5 Technical validation

Each dataset was subject to quality control (qc). Suspicious and bad values were not removed from the published raw dataset. Instead, the complementary qc variable was created that holds flag values describing each individual parameter value. The flag values are defined by the OceanSITES Data Format Reference Manual v1.4 (OceanSITES, 2020). Flag may take the values 0, 1, 2, 3, 4, 7, 8, or 9 that are defined as “unknown”, “good_data”, “probably_good_data”, “potentially_correctable bad_data”, “bad_data”, “nominal_value”, “interpolated_value”, and “missing_value”, respectively. Suspicious and bad values were flagged as potentially_correctable bad_data (3) and bad_data (4), respectively.

Contrary to the published raw dataset, this paper presents the quality-controlled data. Data flagged as potentially_correctable bad_data, bad_data, and missing_value were excluded from the plots presented in this paper.

ADCP quality control was based on the quality-control procedures from Garel et al. (2016). To ensure that no data subject to site lobe interference are shared, the upper 10 % of the data was flagged as bad_data. Further, the sea surface was detected by locating the cells with a difference among adjacent values greater than three and flagged as bad accordingly. This criterion was restricted to cells above the 14th cell (100 m) to prevent misinterpretation of the surface. Cells above and the cell immediately below were flagged as bad_data. Furthermore, if two or more beams with cells featuring a difference among adjacent bins in echo intensity of > 30 and/or with three or more out of four beams with correlation magnitude values lower than 64 counts were also flagged as bad_data. Temperature was controlled according to SeaDataNet guidelines (see above), and pressure was assessed via visual inspection.

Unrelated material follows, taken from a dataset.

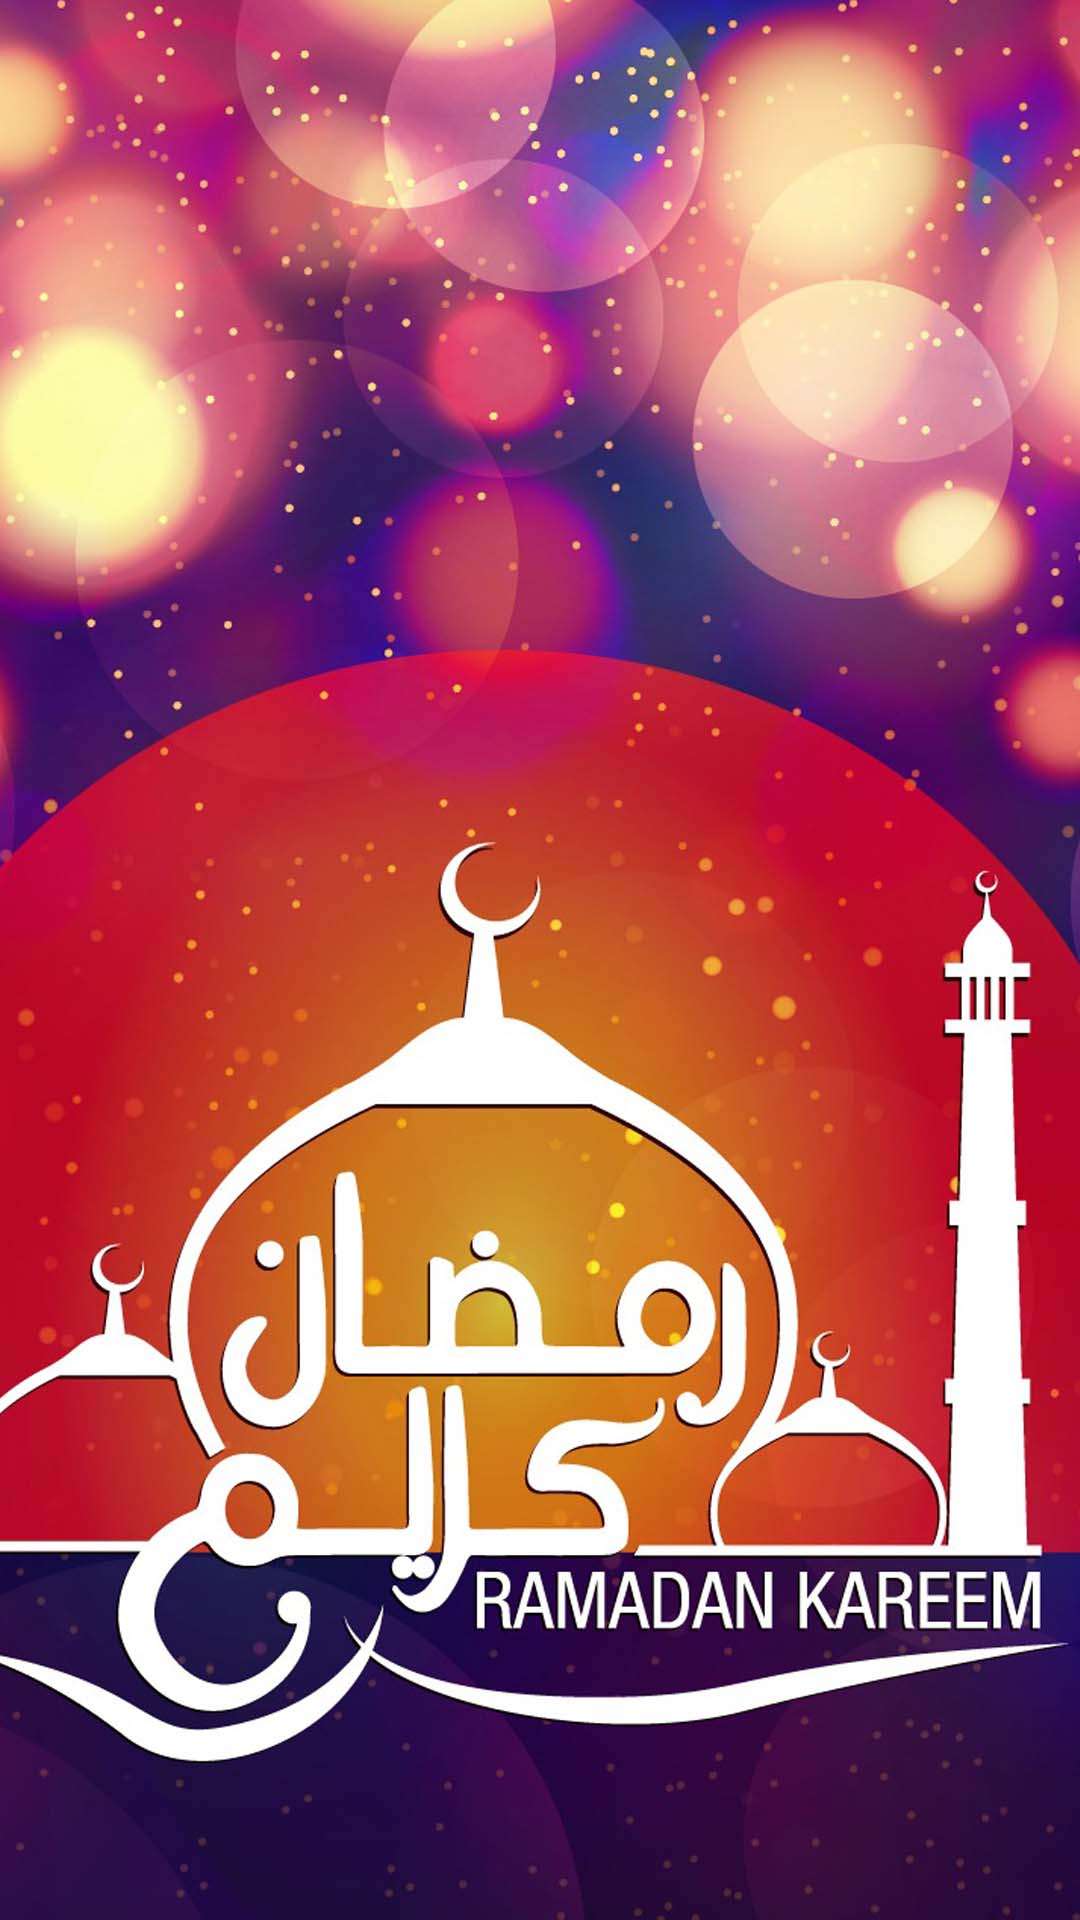 اجمل خلفيات الموبايل بمناسبه شهر رمضان 2020 HD-1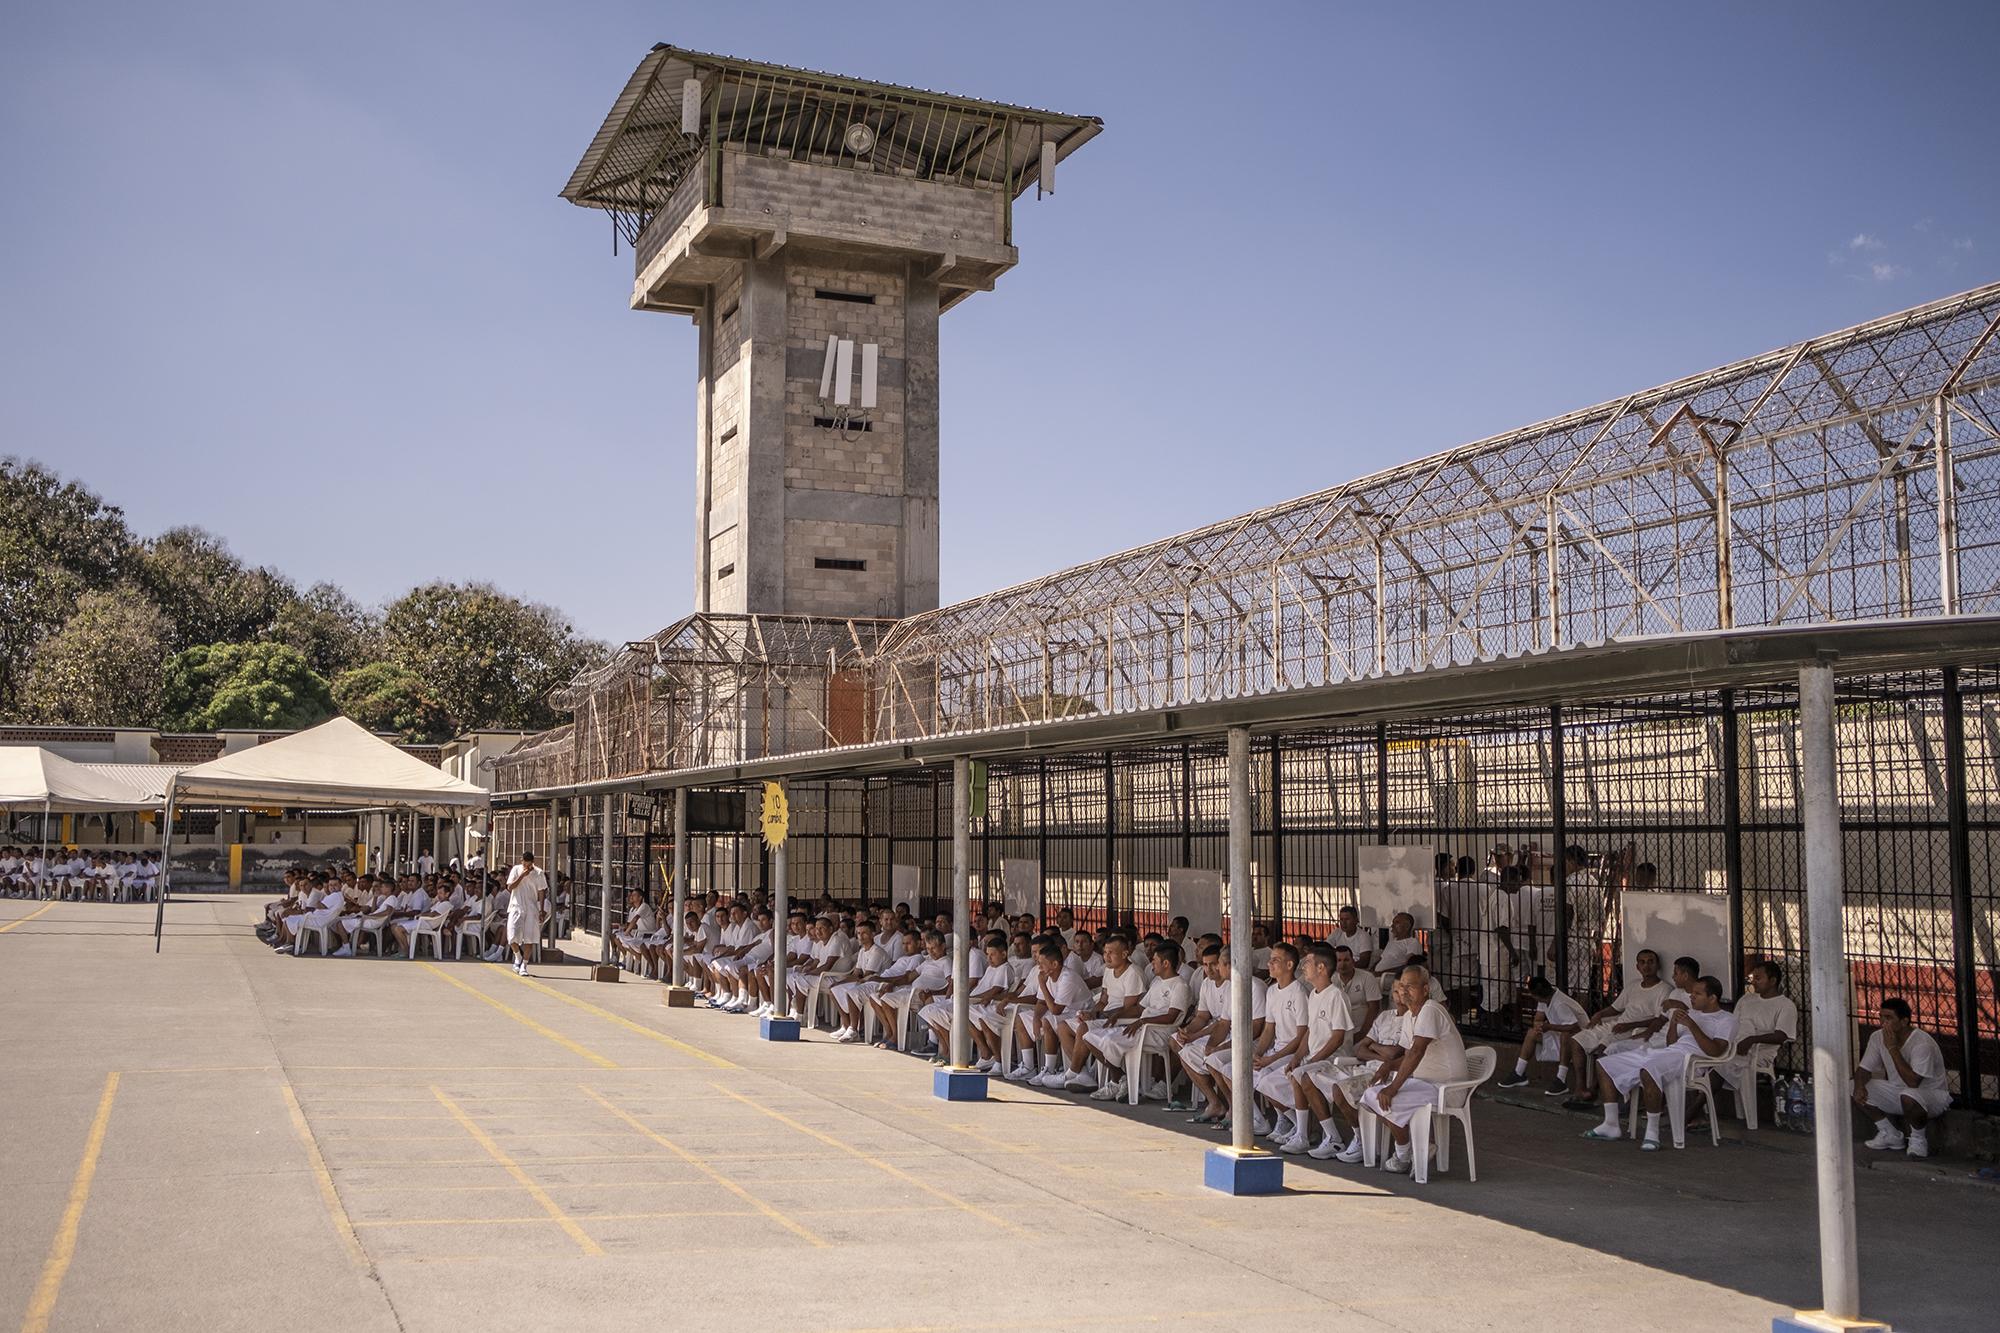 La torre que separa los sectores 2 y 3 es uno de los elementos que identifican Mariona, la cárcel que más privados de libertad alberga de todo el sistema penitenciario de El Salvador. Foto Carlos Barrera.

The first quality-control check for the vertical profiler data was done visually via line and box plots of each variable, allowing for a global and regional range check and spike detection at first sight. Quality tests applied on each variable of this dataset were the sensor range test, global range test, regional range test, and spike test. A gradient test was additionally applied to temperature and salinity. Global ranges were obtained from the literature for each variable, whereas regional ranges were discussed and selected with the support of experts from the region.

The temperature and salinity spike test (ST) was conducted according to SeaDataNet Data Quality Control Procedures Manual (SeaDataNet 2010) using the following algorithm: test value =|V2-(V3+V1)/2|-|(V3-V1)/2|>VTHRESHOLD. The value is flagged as bad_data when the test value exceeds 6 °C and 0.9 PSU, respectively. The gradient test (GT) relied on the following algorithm proposed by SeaDataNet: test value =(|V2-(V1+V3)/2|>VGRAD. The value is flagged as bad_data when the test value exceeds 9 °C and 1.5 in salinity, respectively. Spikes in conductivity were determined by interquartile range (IQR) test (Hald, 1952). Quartile two and quartile three make up the interquartile range (IQR) of the data. Two thresholds are defined, one for “suspicious” (1.5) and one for bad_data (3). The IQR is multiplied by each threshold and subtracted (added) from quartile 1 (quartile 3). If a data point exceeds the computed range, it is flagged accordingly. An IQR test was not applied on other variables as it was found to be overly sensitive to biogeochemical variables, discarding reasonable values. Therefore, other manuals and standards were used for spike detection in biogeochemical parameters.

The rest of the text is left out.